======== Data section
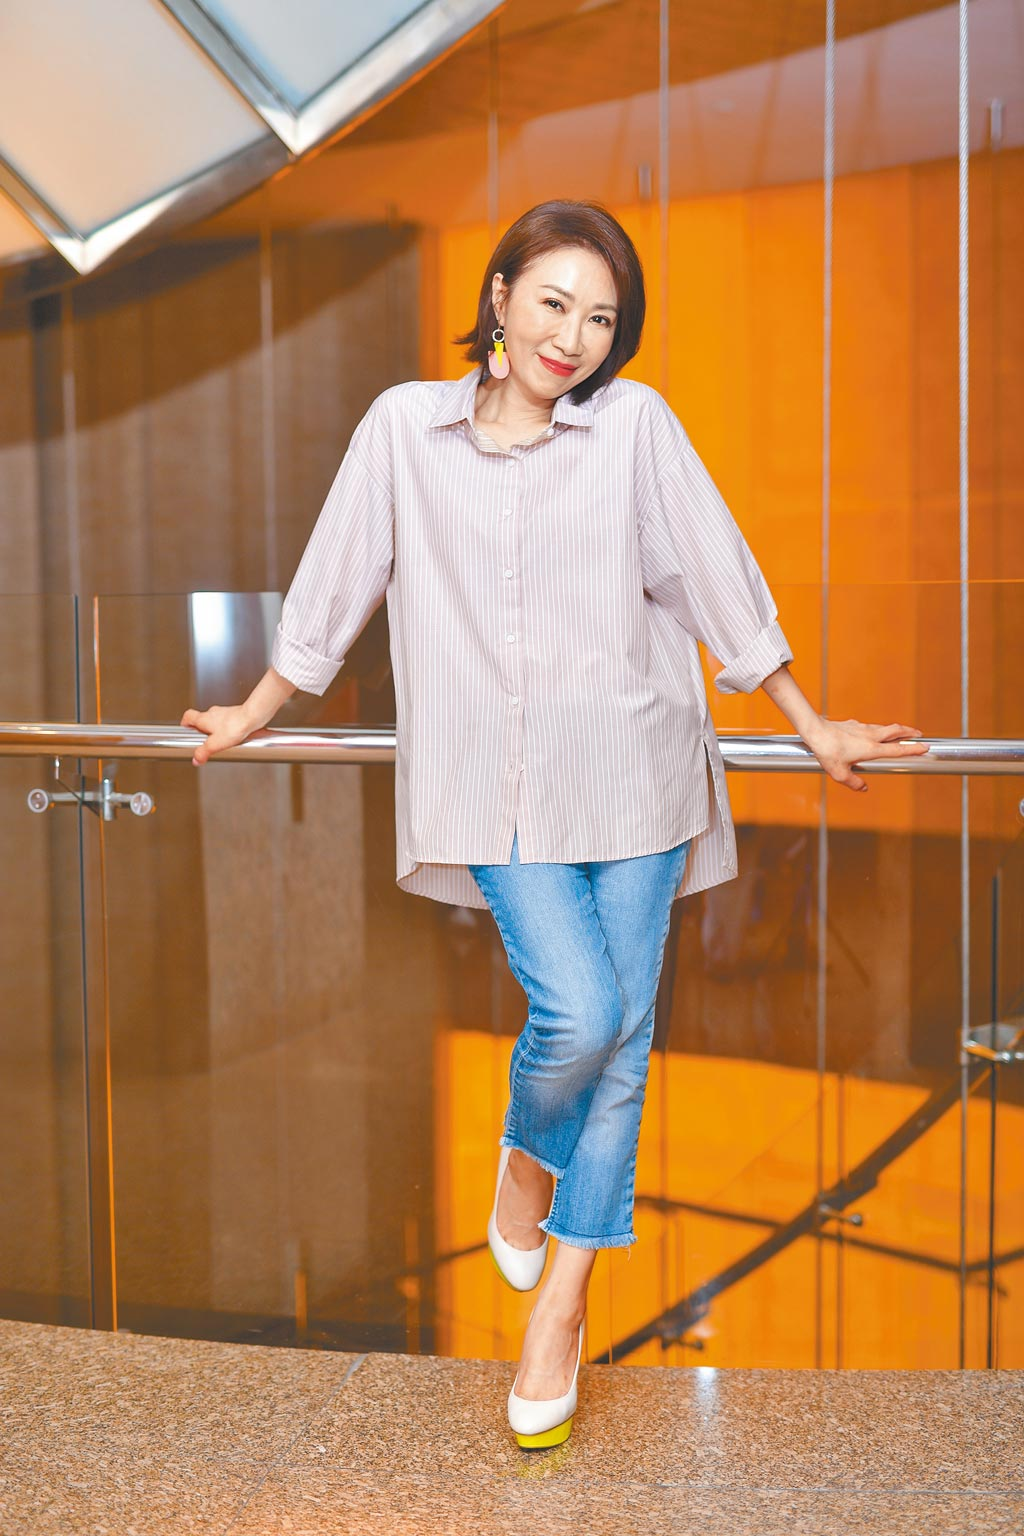 李翊君將於12月5日在台北國際會議中心舉辦演唱會。(盧禕祺攝)
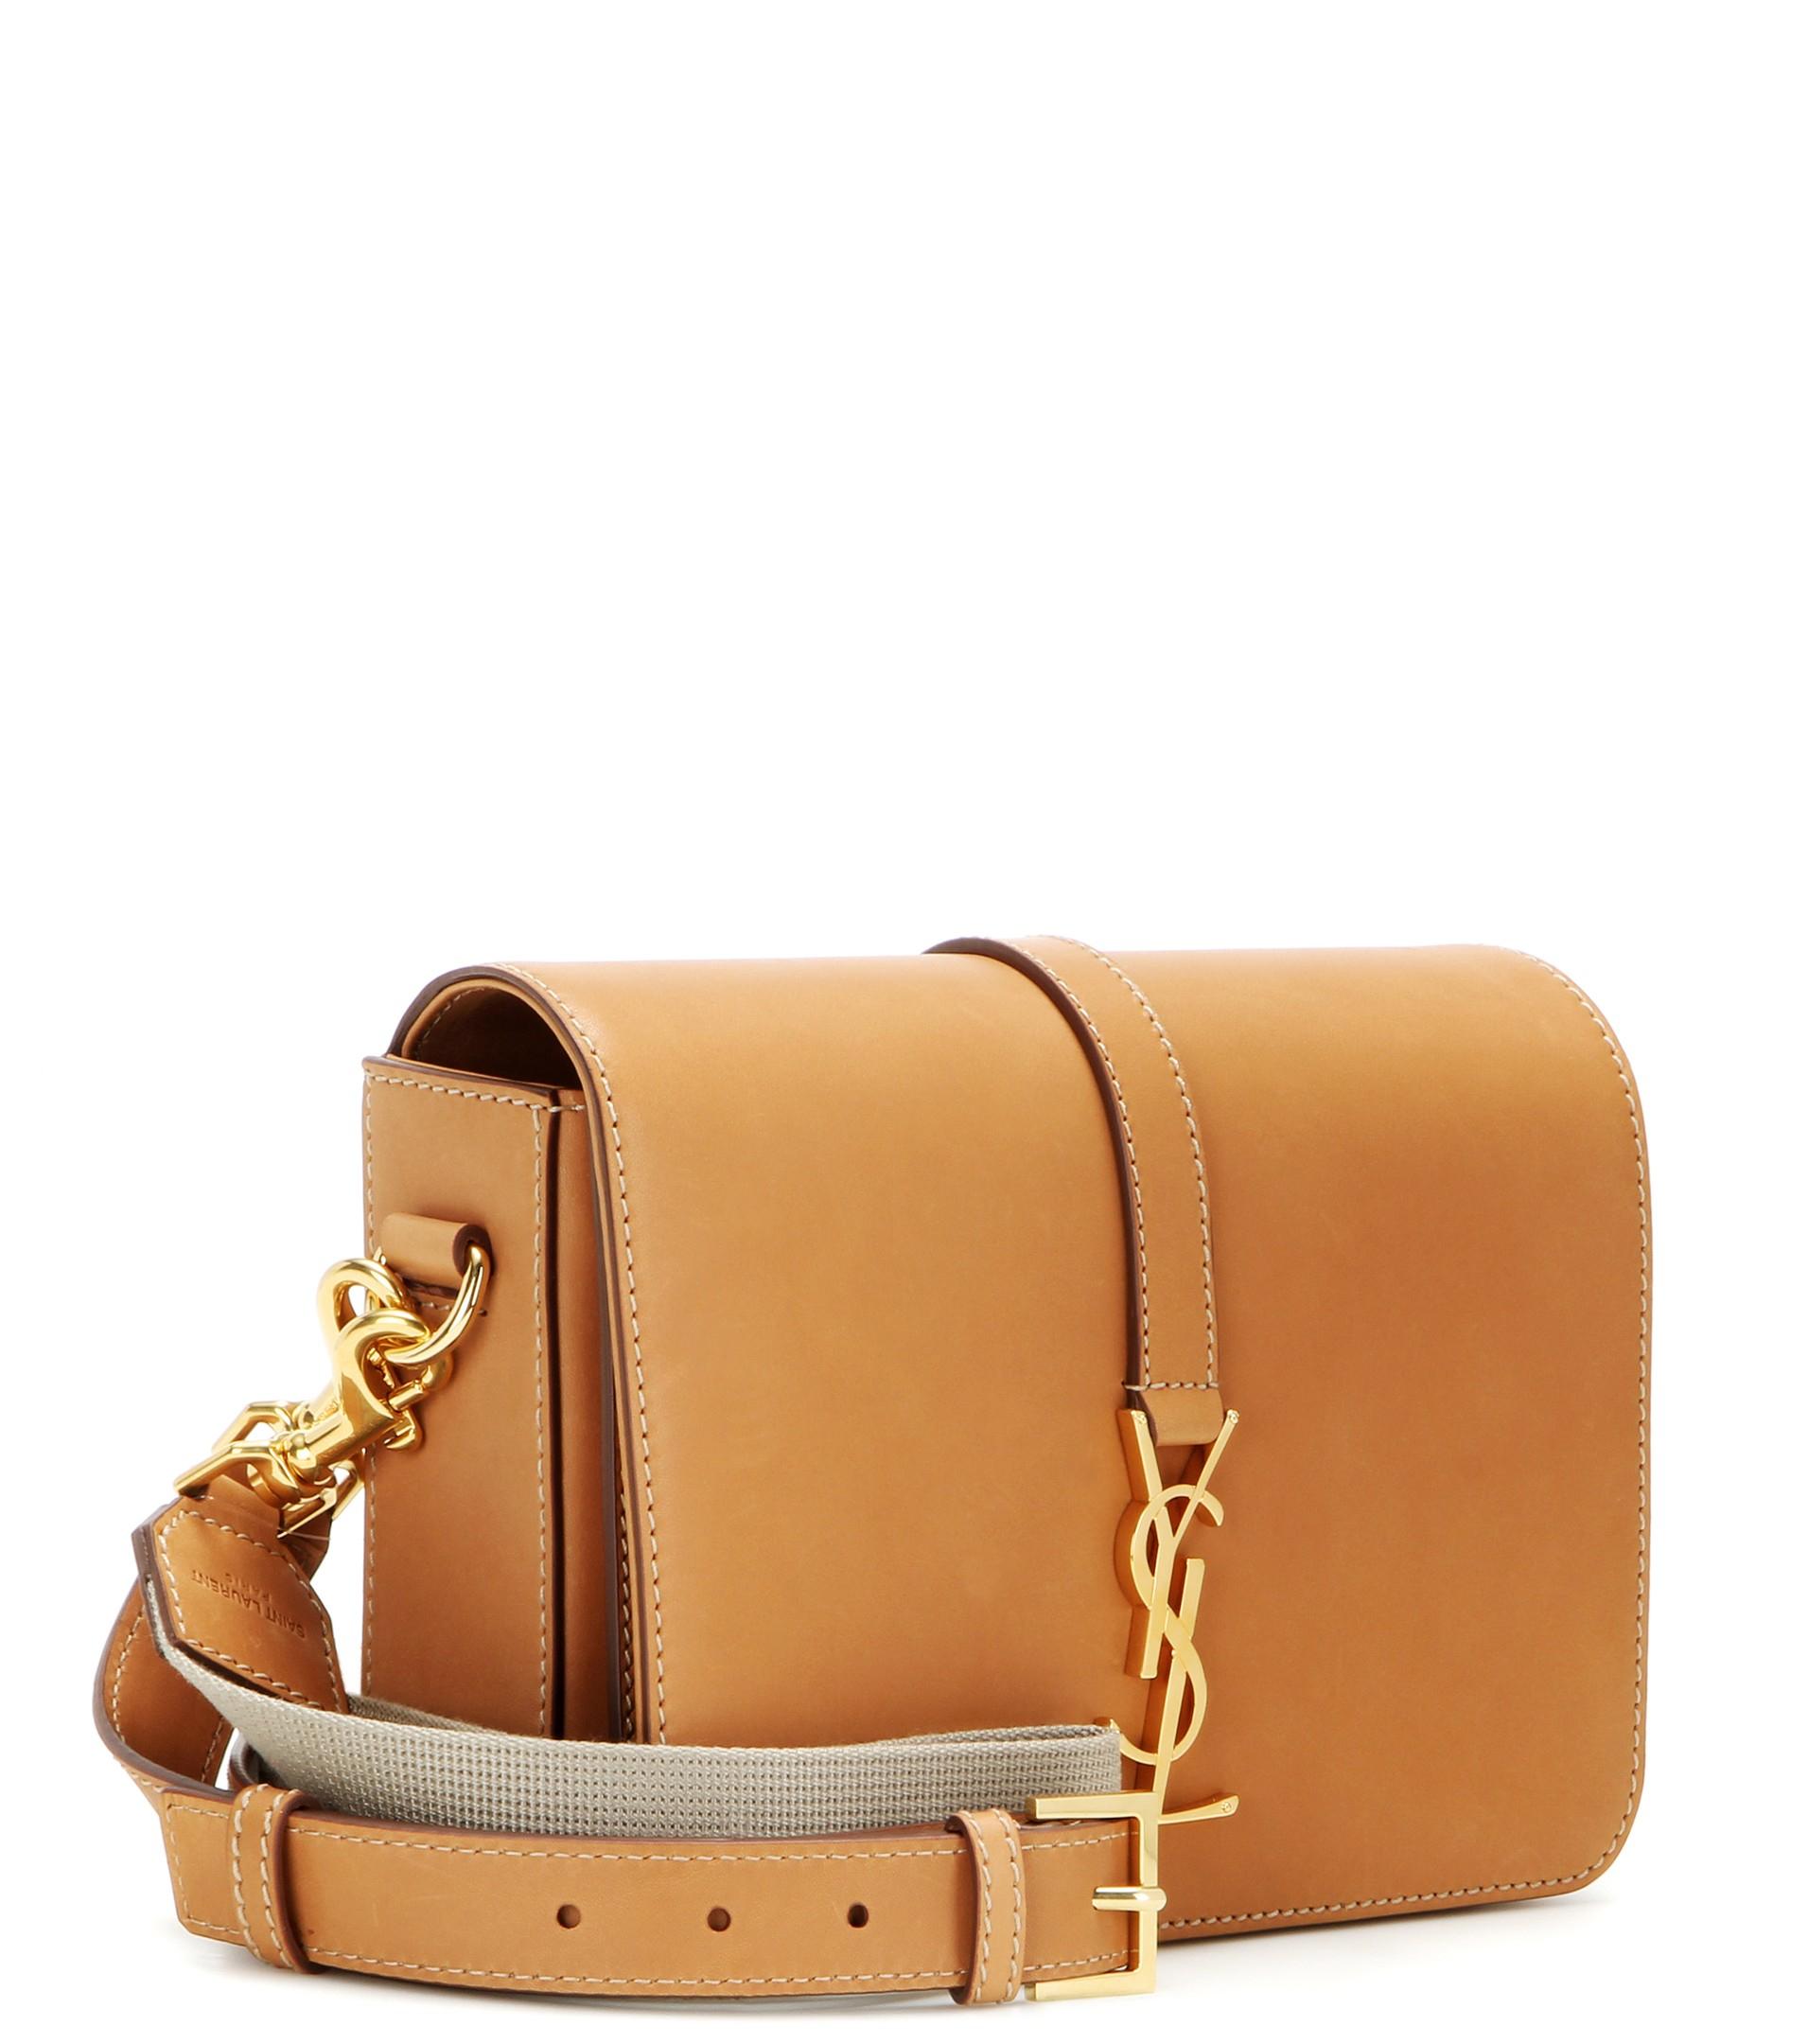 68142d4eb87d Saint Laurent Monogram Université Medium Leather Shoulder Bag in ...
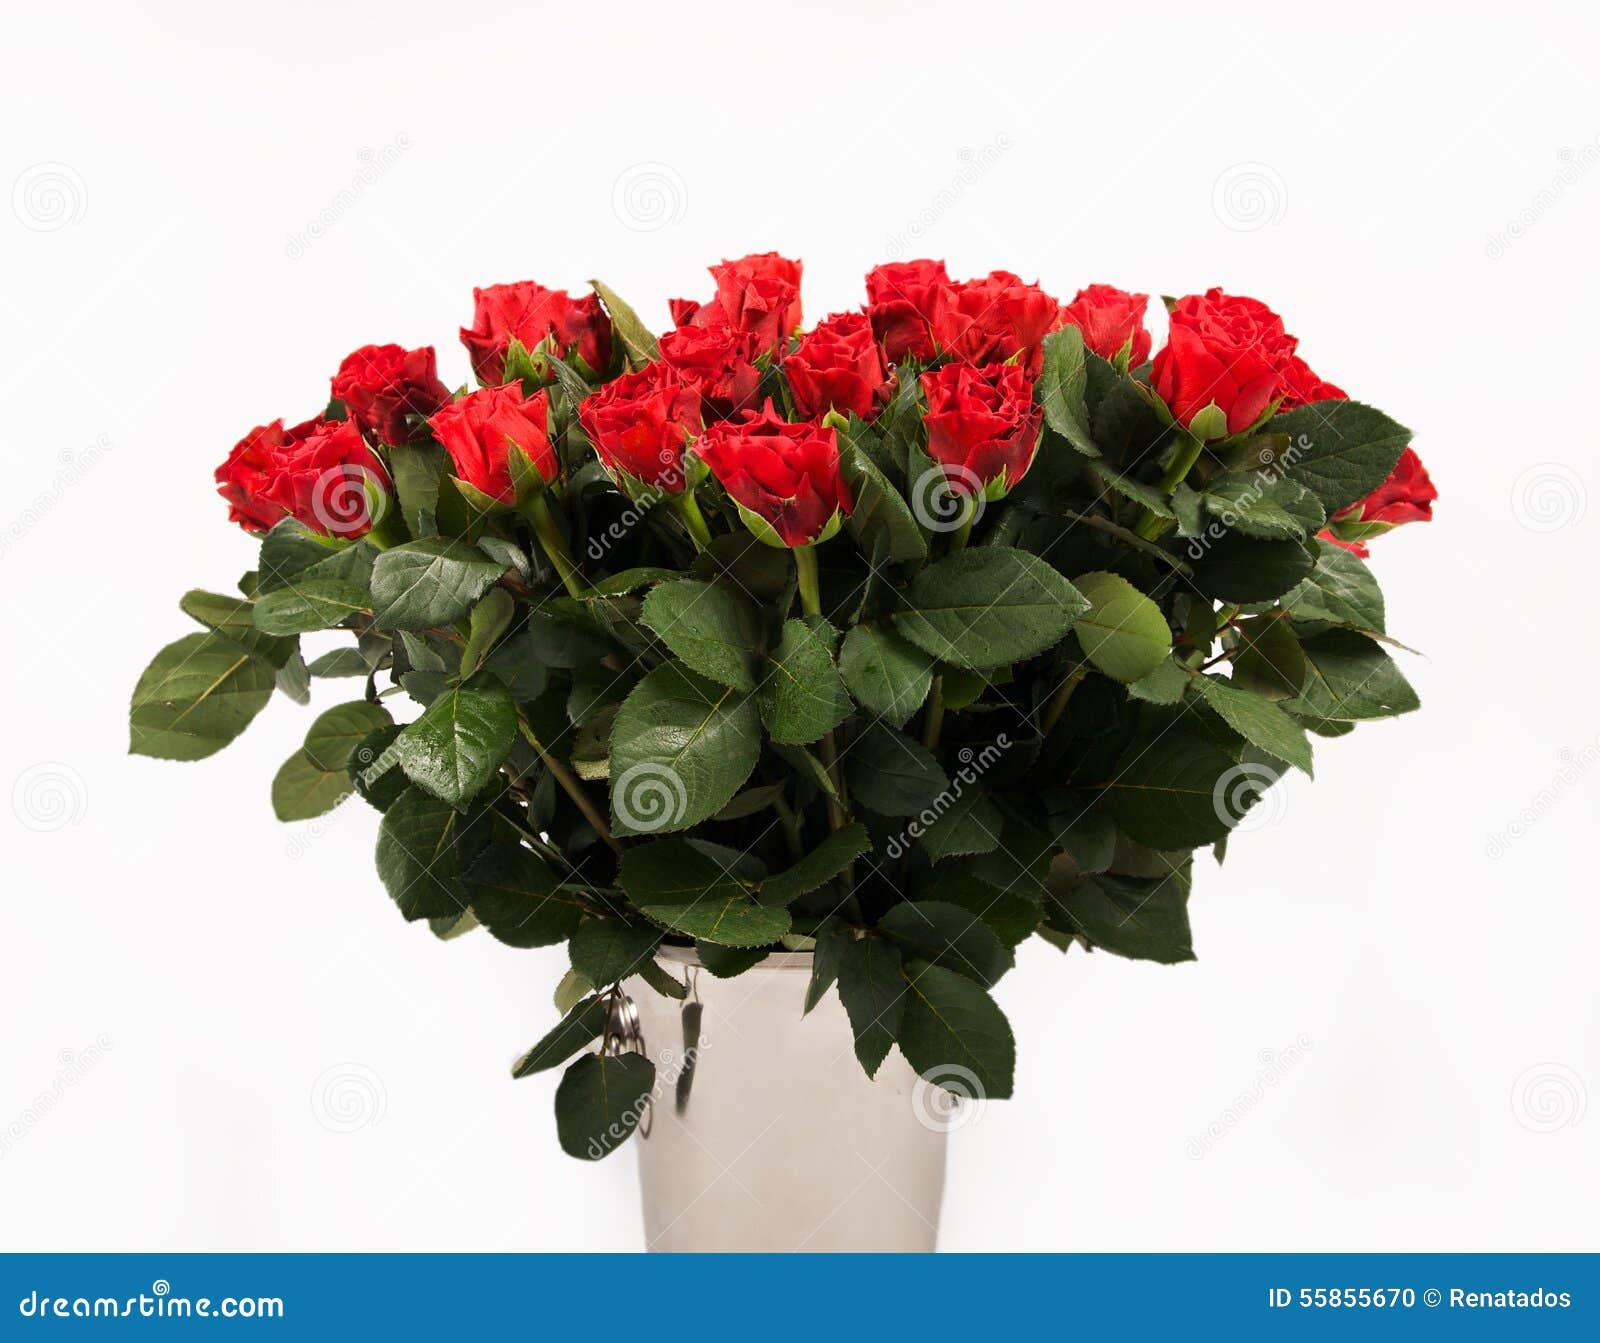 Im genes comunes del ramo grande de rosas rojas los - Ramos de flores grandes ...
================
| What you will do |
Set out the material once more, exact in every line, with no images.

| Output of the task |
 李翊君將於12月5日在台北國際會議中心舉辦演唱會。(盧禕祺攝)
 68142d4eb87d Saint Laurent Monogram Université Medium Leather Shoulder Bag in ...
 Im genes comunes del ramo grande de rosas rojas los - Ramos de flores grandes ...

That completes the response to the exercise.